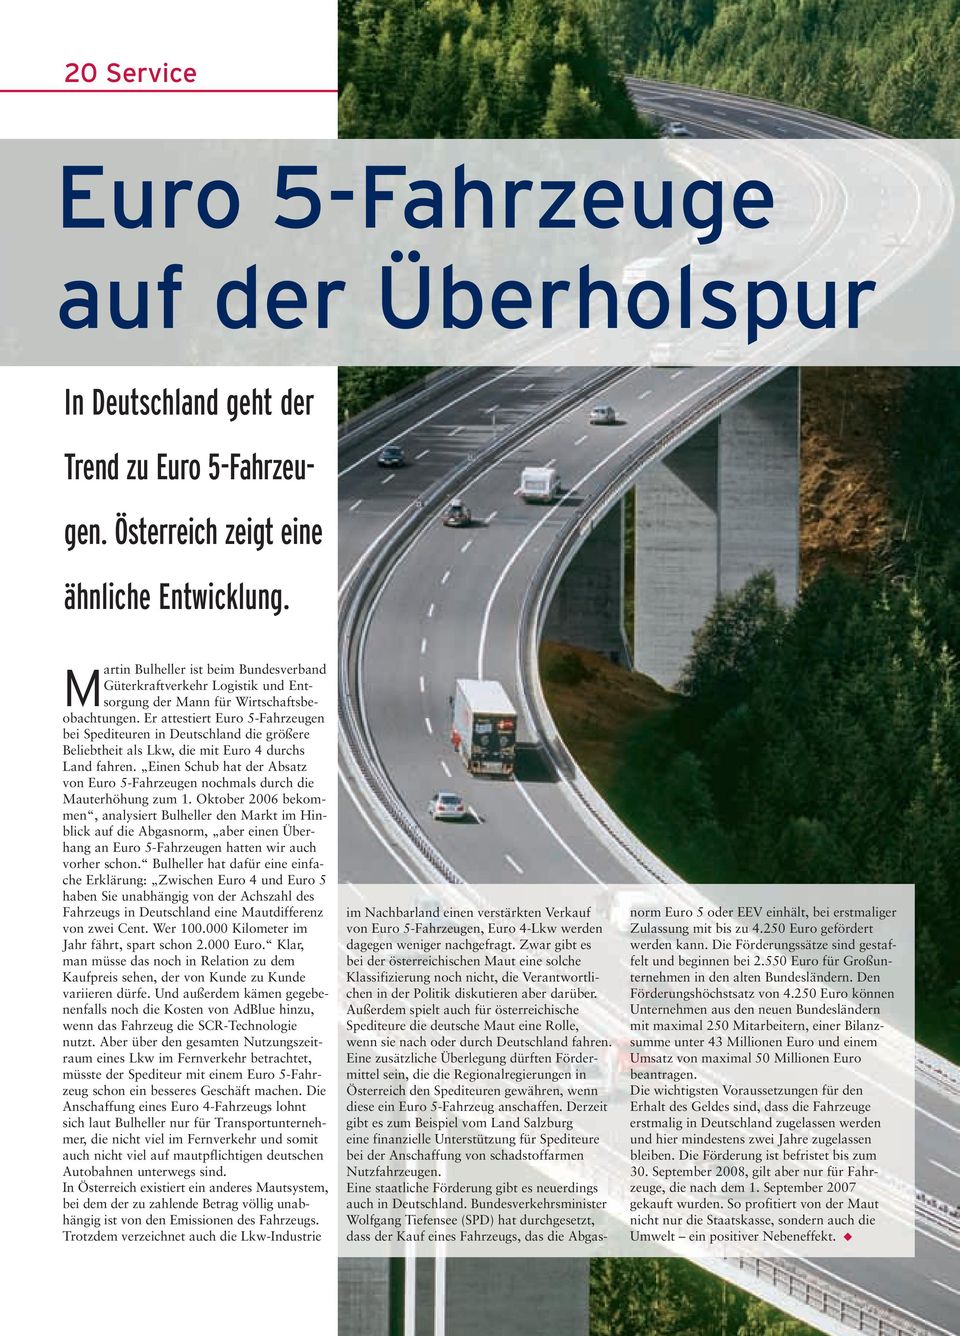 Er attestiert Euro 5-Fahrzeugen bei Spediteuren in Deutschland die größere Beliebtheit als Lkw, die mit Euro 4 durchs Land fahren.
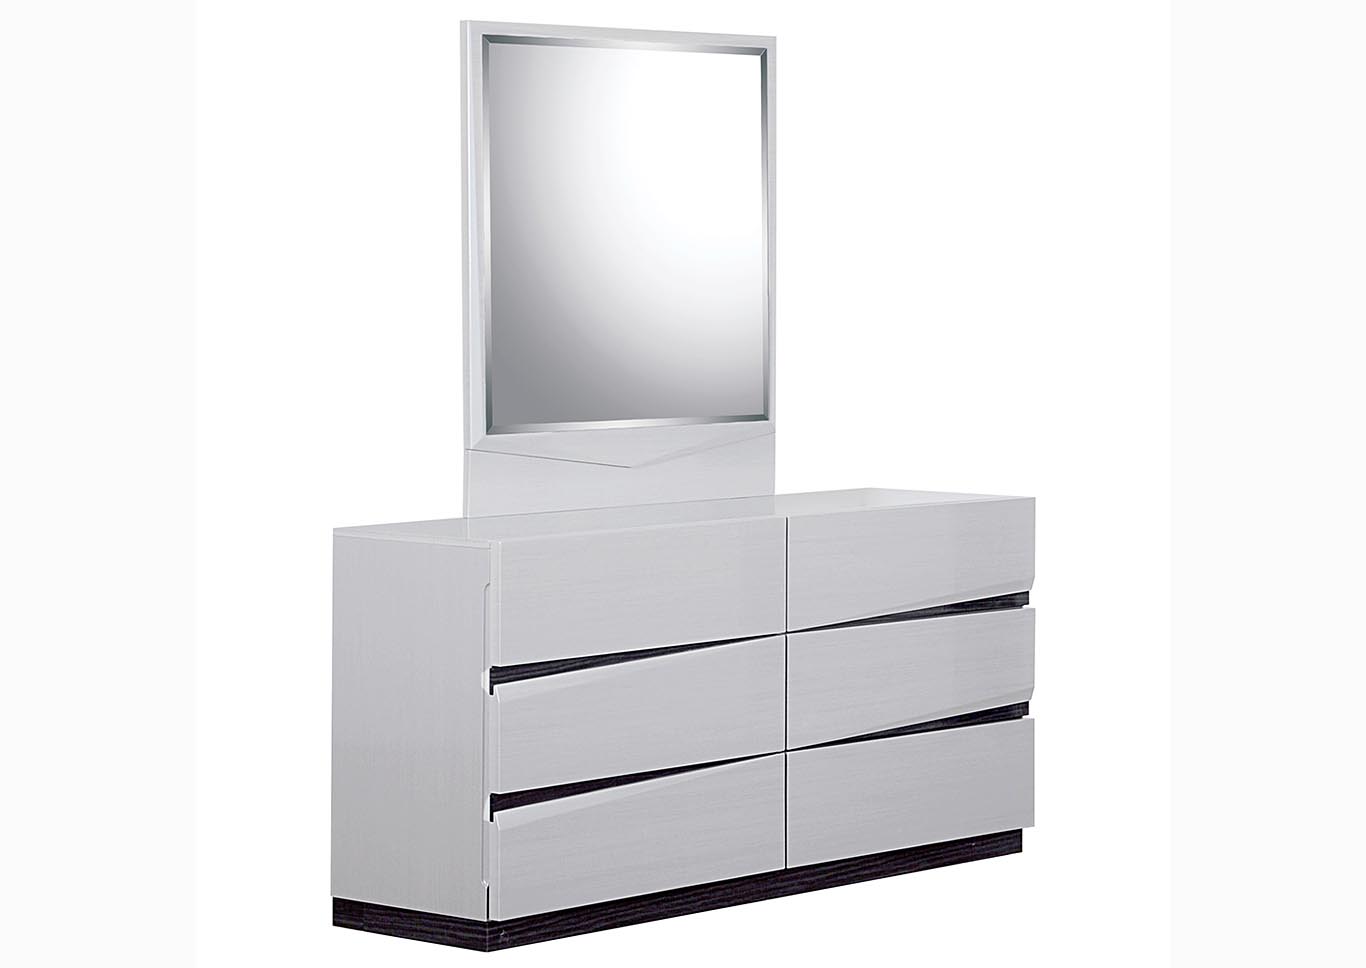 Max Five Star Furniture Scarlett Silverline Zebra Grey Dresser
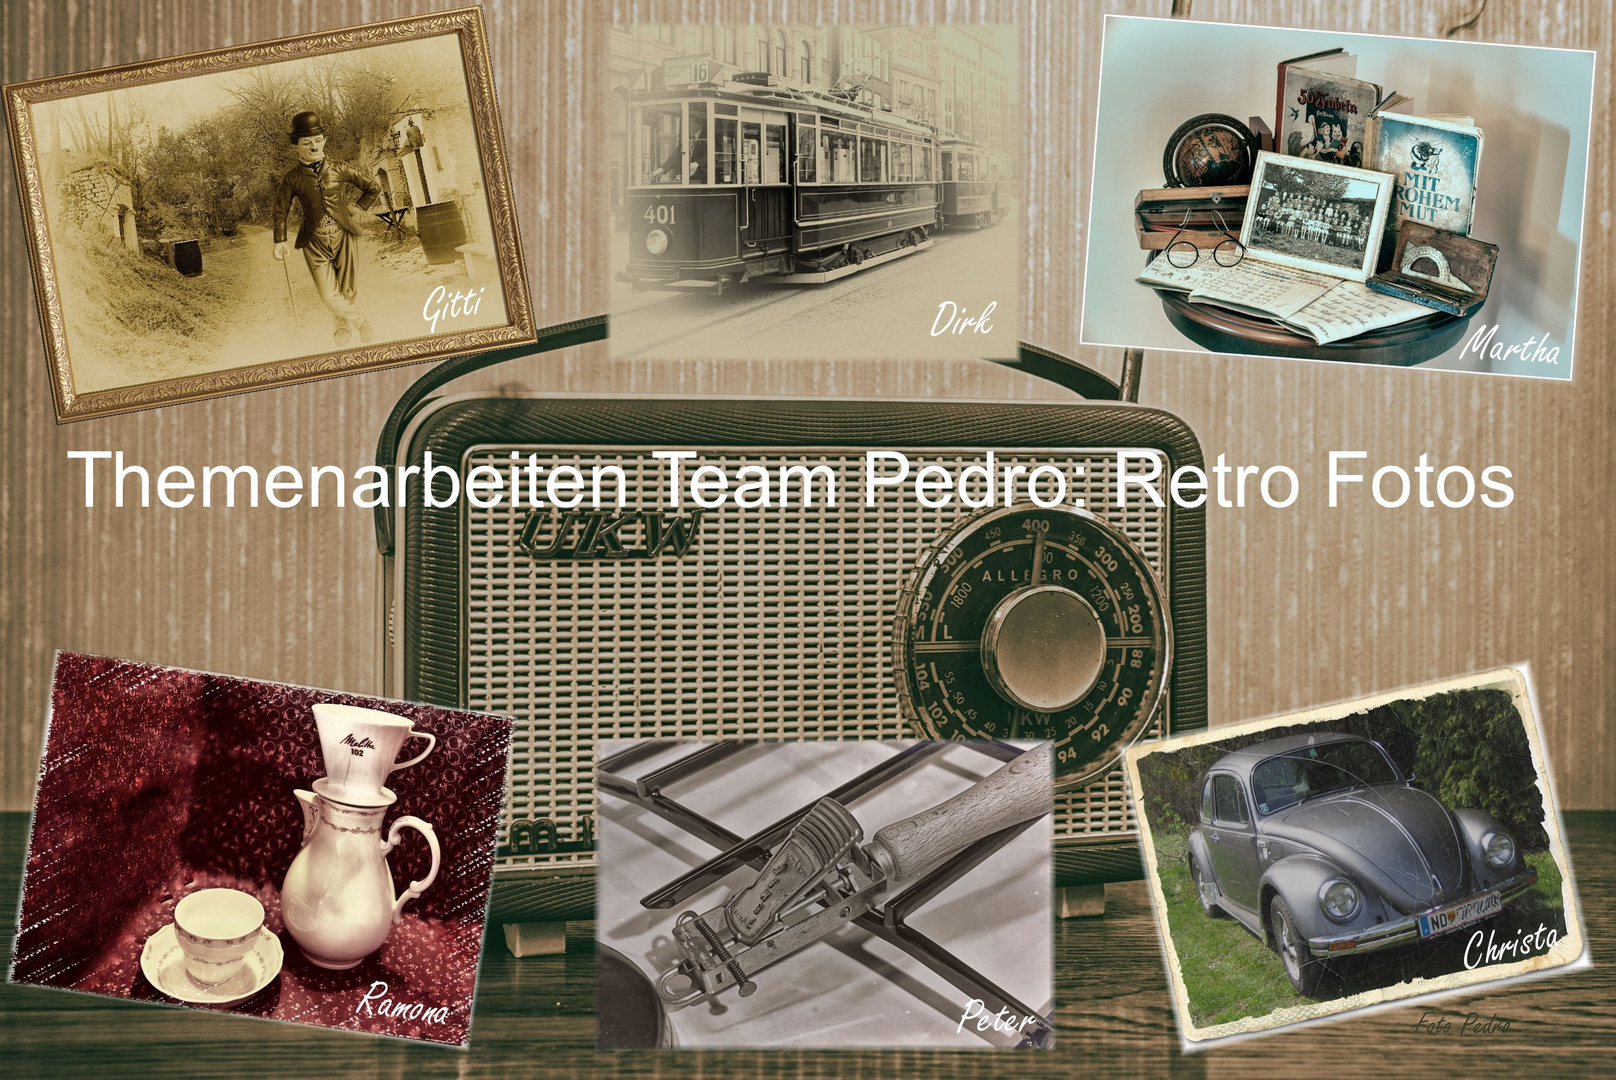 Themenarbeiten Team Pedro: Retro Fotos

→ Task to complete
Could you transcribe the material above exactly, keeping every picture out?

→ Solution to the problem
 Er attestiert Euro 5-Fahrzeugen bei Spediteuren in Deutschland die größere Beliebtheit als Lkw, die mit Euro 4 durchs Land fahren.
 Max Five Star Furniture Scarlett Silverline Zebra Grey Dresser
 Themenarbeiten Team Pedro: Retro Fotos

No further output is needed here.